I would recommend against #1 simply because it leads to more error handling code which will not be written. For example, if you just return false then this works fine.

my $obj = Class->new or die "Construction failed...";

But if you return an object which is invalid...

my $obj = Class->new;
die "Construction failed @{[ $obj->error_message ]}" if $obj->is_valid;

And as the quantity of error handling code increases the probability of it being written decreases. And its not linear. By increasing the complexity of your error handling system you actually decrease the amount of errors it will catch in practical use.

You also have to be careful that your invalid object in question dies when any method is called (aside from is_valid and error_message) leading to yet more code and opportunities for mistakes.

But I agree there is value in being able to get information about the failure, which makes returning false (just return not return undef) inferior. Traditionally this is done by calling a class method or global variable as in DBI.

my $dbh = DBI->connect($data_source, $username, $password) or die $DBI::errstr;

But it suffers from A) you still have to write error handling code and B) its only valid for the last operation.

The best thing to do, in general, is throw an exception with croak. Now in the normal case the user writes no special code, the error occurs at the point of the problem, and they get a good error message by default.

my $obj = Class->new;

Perl's traditional recommendations against throwing exceptions in library code as being impolite is outdated. Perl programmers are (finally) embracing exceptions. Rather than writing error handling code ever and over again, badly and often forgetting, exceptions DWIM. If you're not convinced just start using autodie (watch pjf's video about it) and you'll never go back.

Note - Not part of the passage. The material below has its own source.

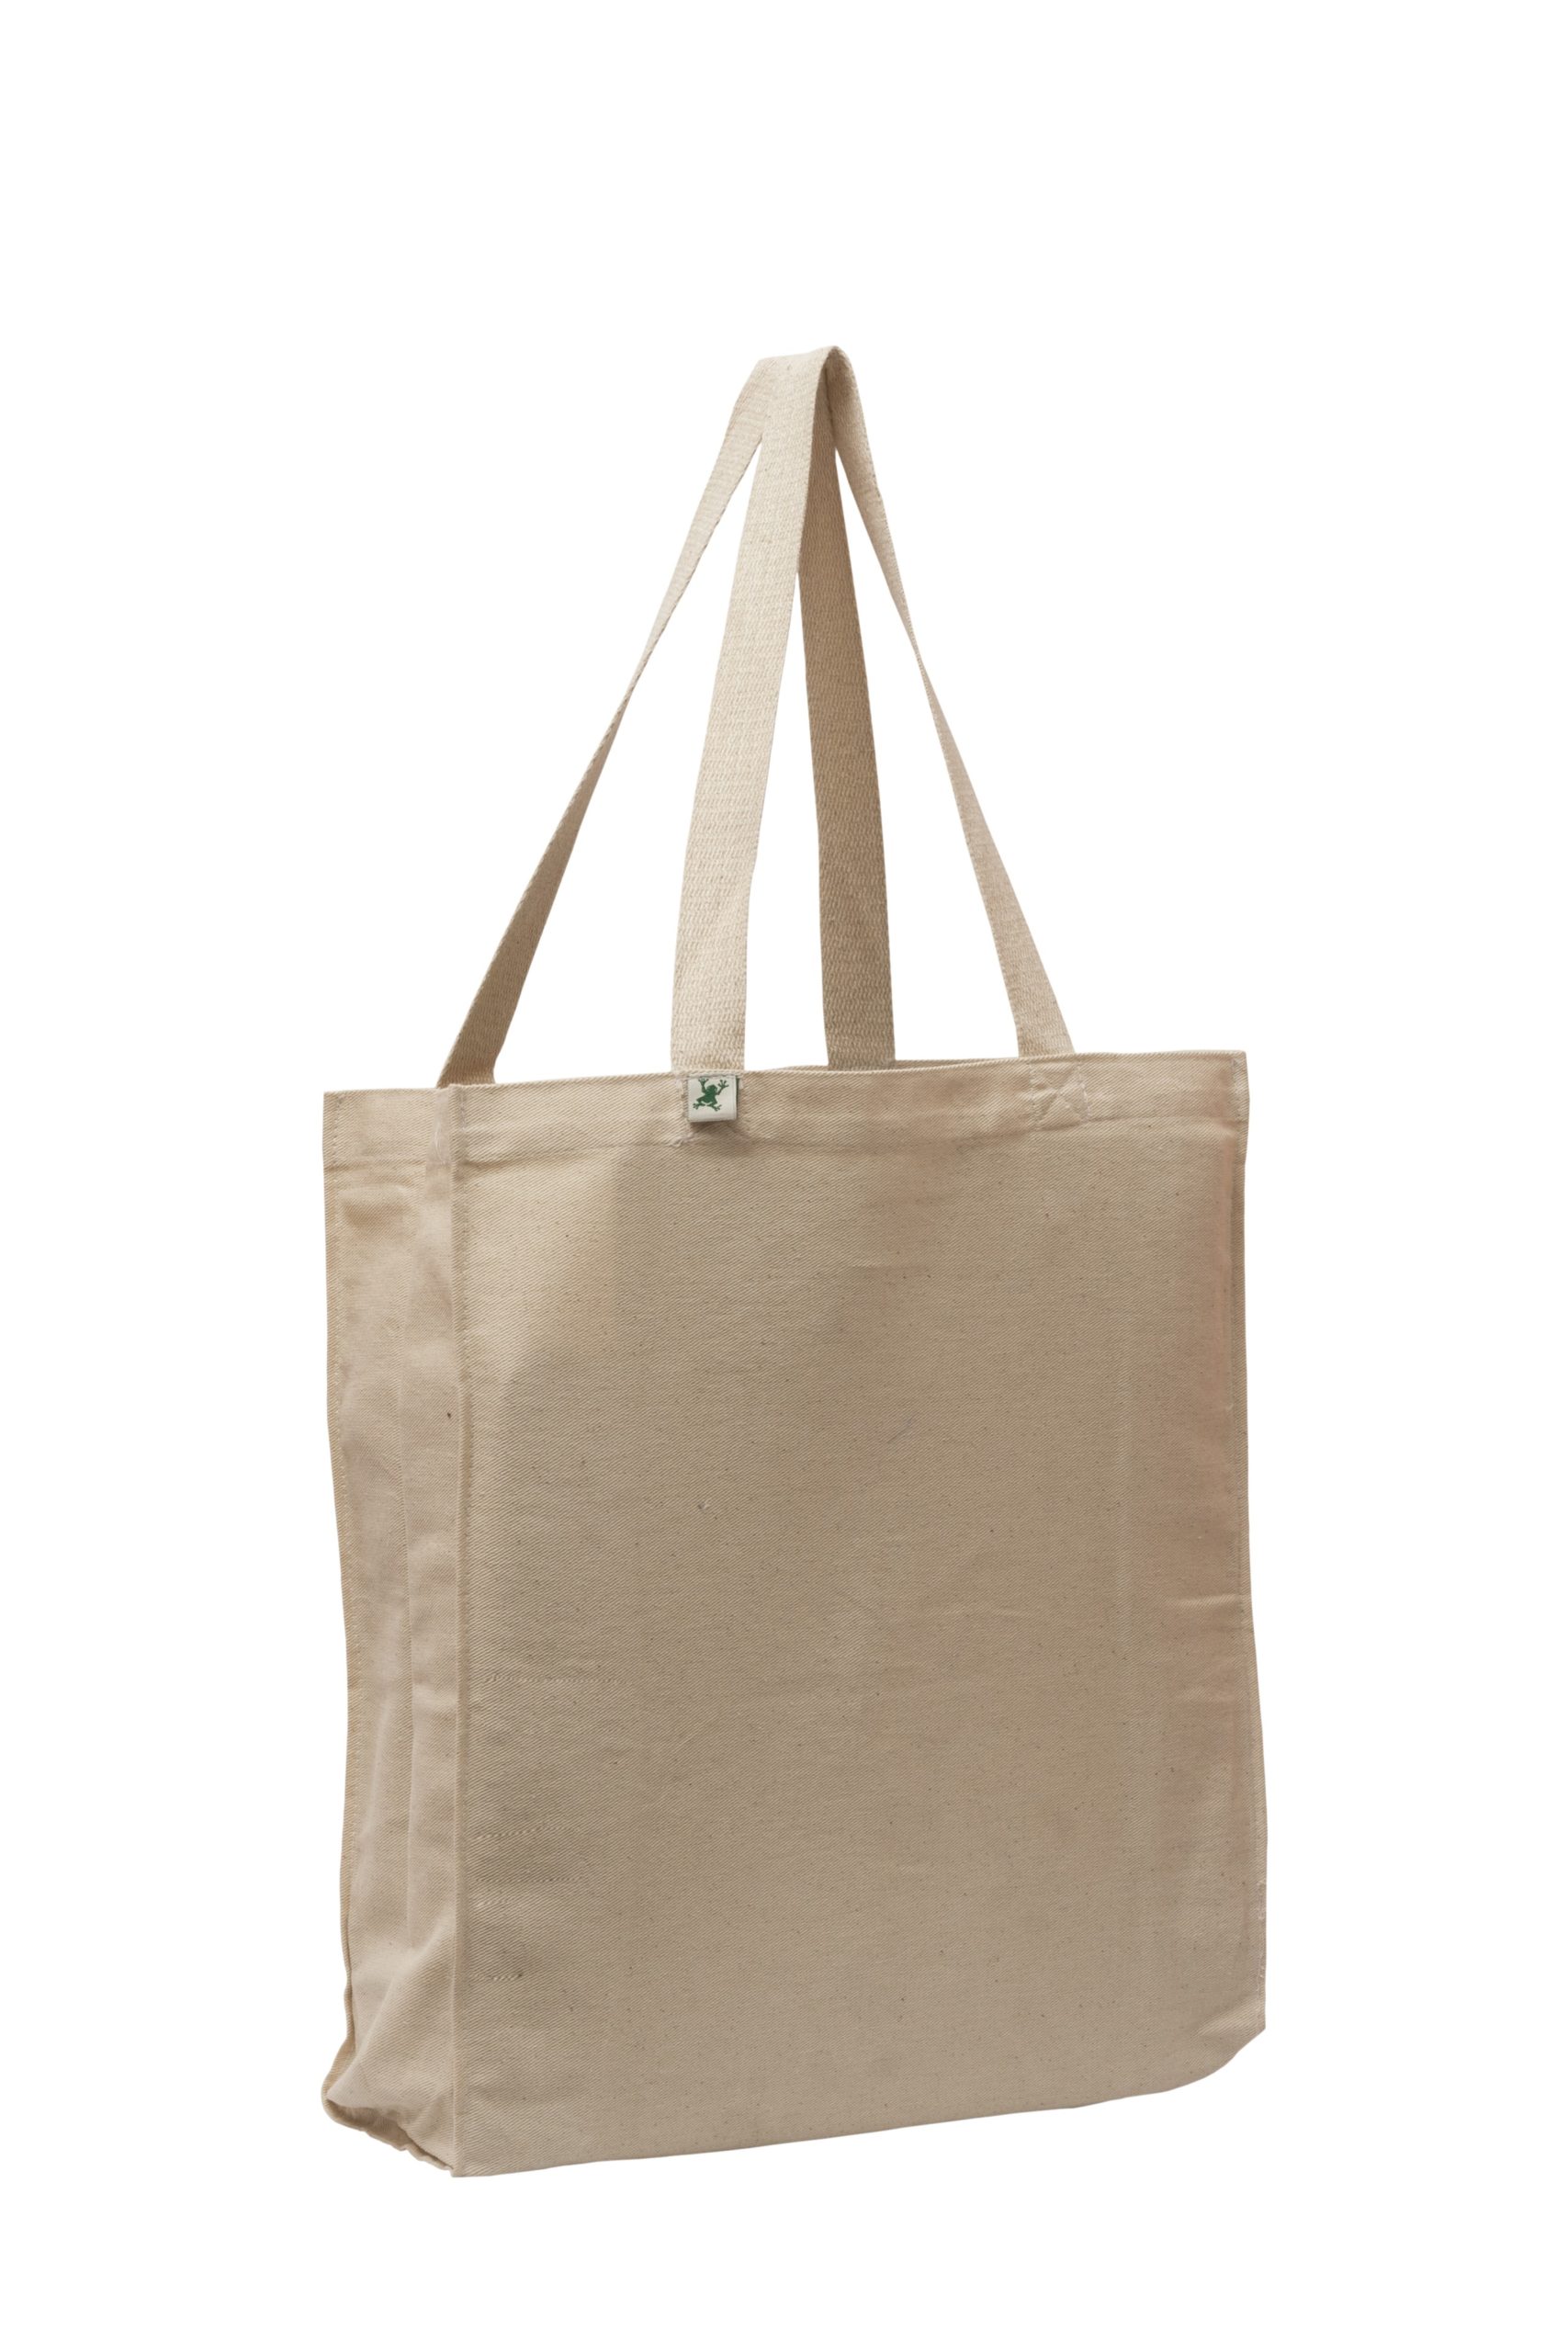 Thick Canvas Tote | eCoexist

Exceptions align Huffman encoding with actual use. The common case of expecting the constructor to just work and wanting an error if it doesn't is now the least code. The uncommon case of wanting to handle that error requires writing special code. And the special code is pretty small.

my $obj = eval { Class->new } or do { something else };

If you find yourself wrapping every call in an eval you are doing it wrong. Exceptions are called that because they are exceptional. If, as in your comment above, you want graceful error handling for the user's sake, then take advantage of the fact that errors bubble up the stack. For example, if you want to provide a nice user error page and also log the error you can do this:

eval {
    run_the_main_web_code();
} or do {
    log_the_error($@);
    print_the_pretty_error_page;
};

You only need it in one place, at top of your call stack, rather than scattered everywhere. You can take advantage of this at smaller increments, for example...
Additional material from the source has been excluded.